Ana apontando para uma dupla de mulheres que conversavam junto à porta de uma casa.

- Estão conversando em inglês.

- Então como se entendem?

- Porque sabem falar inglês, oras. Lá dentro ninguém fala espanhol.

- Alguém devia ensinar para eles ...

Um grupo de crianças entrou na piscina, um homem começou a lavar seu carro, uma mulher desenrolou uma mangueira e começou a dar banho no cachorro. A pequena

Chuza olhava tudo embasbacada, sem perder um detalhe, mas não perguntava nada porque a pequena Chuza nunca abria a boca.

- Lavam cachorros, lavam crianças, lavam carros ... - disse Juana. - Que gente mais limpa! Onde eles se sujam tanto, se aí dentro não tem sujeira?

- Não tem sujeira porque limpam tudo.

- Mas para que limpam tudo, se não tem sujeira? ..

- Bom, para se distrair e matar o tempo, até poderem voltar para o seu país.

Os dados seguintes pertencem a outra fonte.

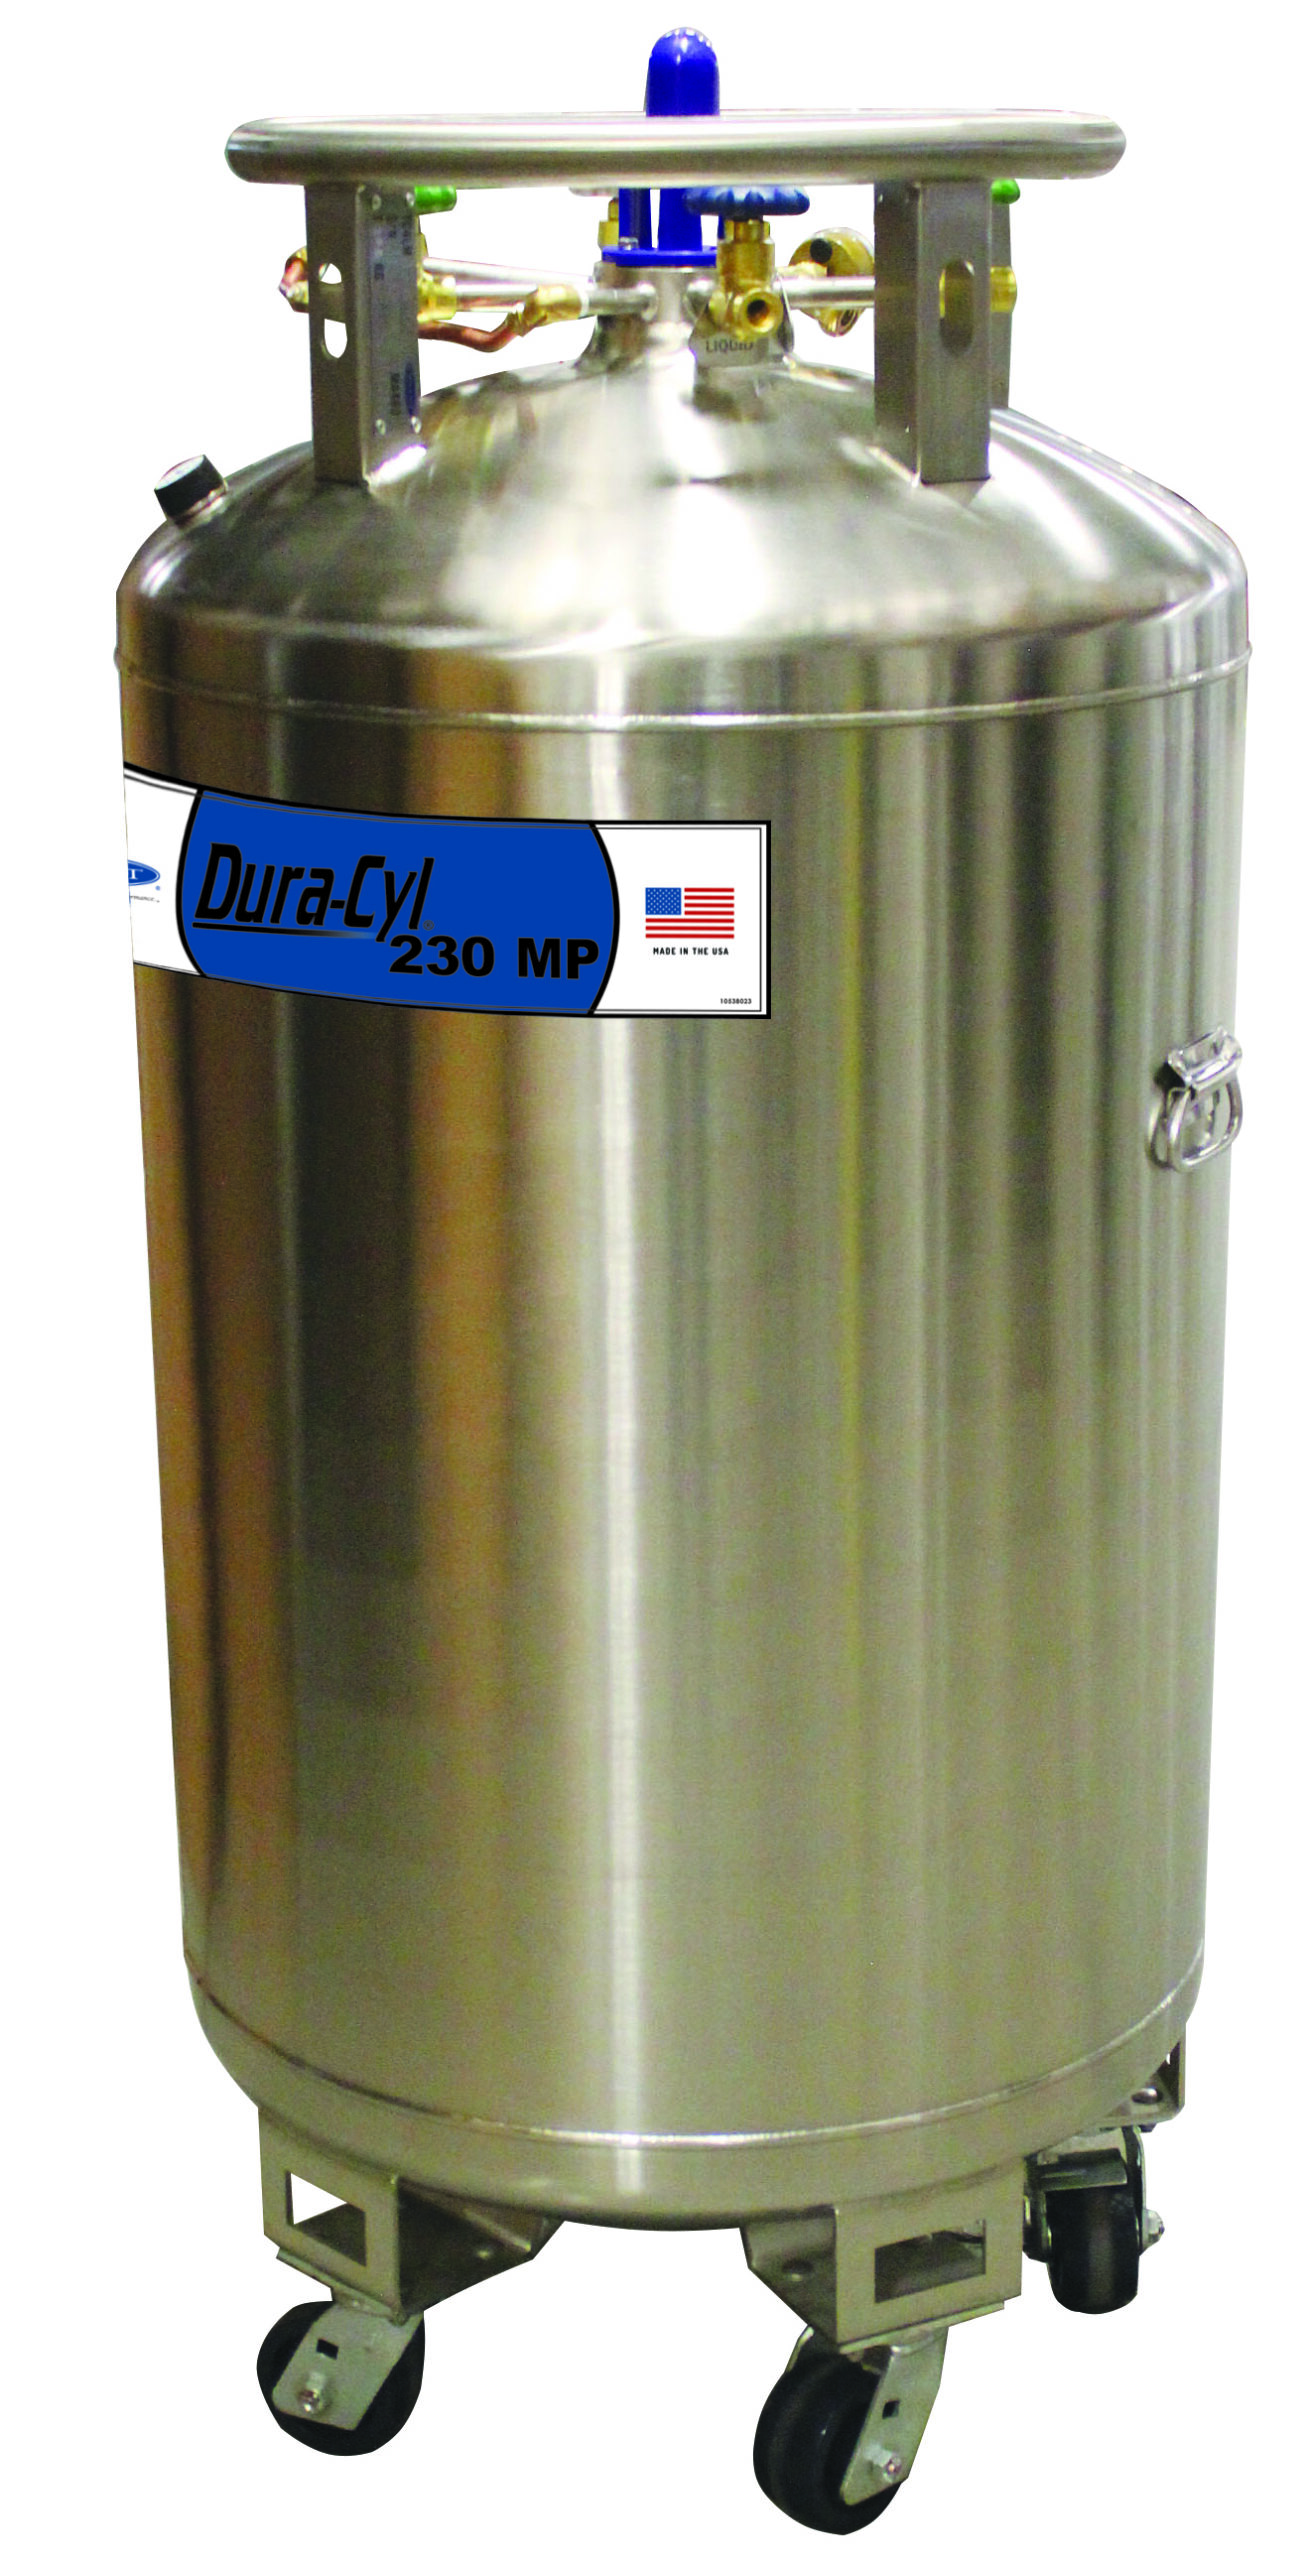 10L Liquid Nitrogen Dewar - Liquid Nitrogen Tank Container LN2 Dewar with  Straps

- Olhe, madrinha, estão descalços! Eles não têm sapatos?

- Têm, sim. Eles andam descalços porque gostam, e deixam os sapatos dentro de casa. - Para não sujar?

- Pode ser.

- E se sujarem os pés?

- Eles lavam, que nem o cachorro.

- E para que eles lavam o cachorro? - perguntou Ana, que nunca na vida tinha visto ninguém lavar um cachorro.

- Para tirar o cheiro.

- Os cachorros deles cheiram muito mal?

- Todos os cachorros cheiram do mesmo jeito.

- Eu ouvi dizer uma coisa - disse Sayonara. - Quem me contou foi o senhor Manrique. Ele falou que o chão de algumas casas é coberto de lã, como os carneiros.

- Isso aí já é esquisito demais! - gritou Susana. - Deve ser mentira de Sayonara ...

- É verdade - confirmou Todos los Santos. - São casas acarpetadas.

- Que gente mais doida!

- E aqueles lá, que é que eles estão fazendo, madrinha? - perguntava Juana puxando sua saia.

- Estão jogando um jogo chamado tênis.

- Mas se não são crianças ... Por acaso os grandes também

jogam, também brincam?

- Claro - disse Susana, fazendo-se de entendida. - E ganha quem pegar a bola com a mão.

- Não, ganha quem consegue jogar a bola mais longe com a raquete - corrigiu Todos los Santos. - A raquete é aquela cesta achatada que eles têm na mão.

- E aí dentro, no bairro Staff - quis saber Ana -, as pessoas também morrem?

- Morrem, sim. A morte é a única que entra aí dentro quando bem entende.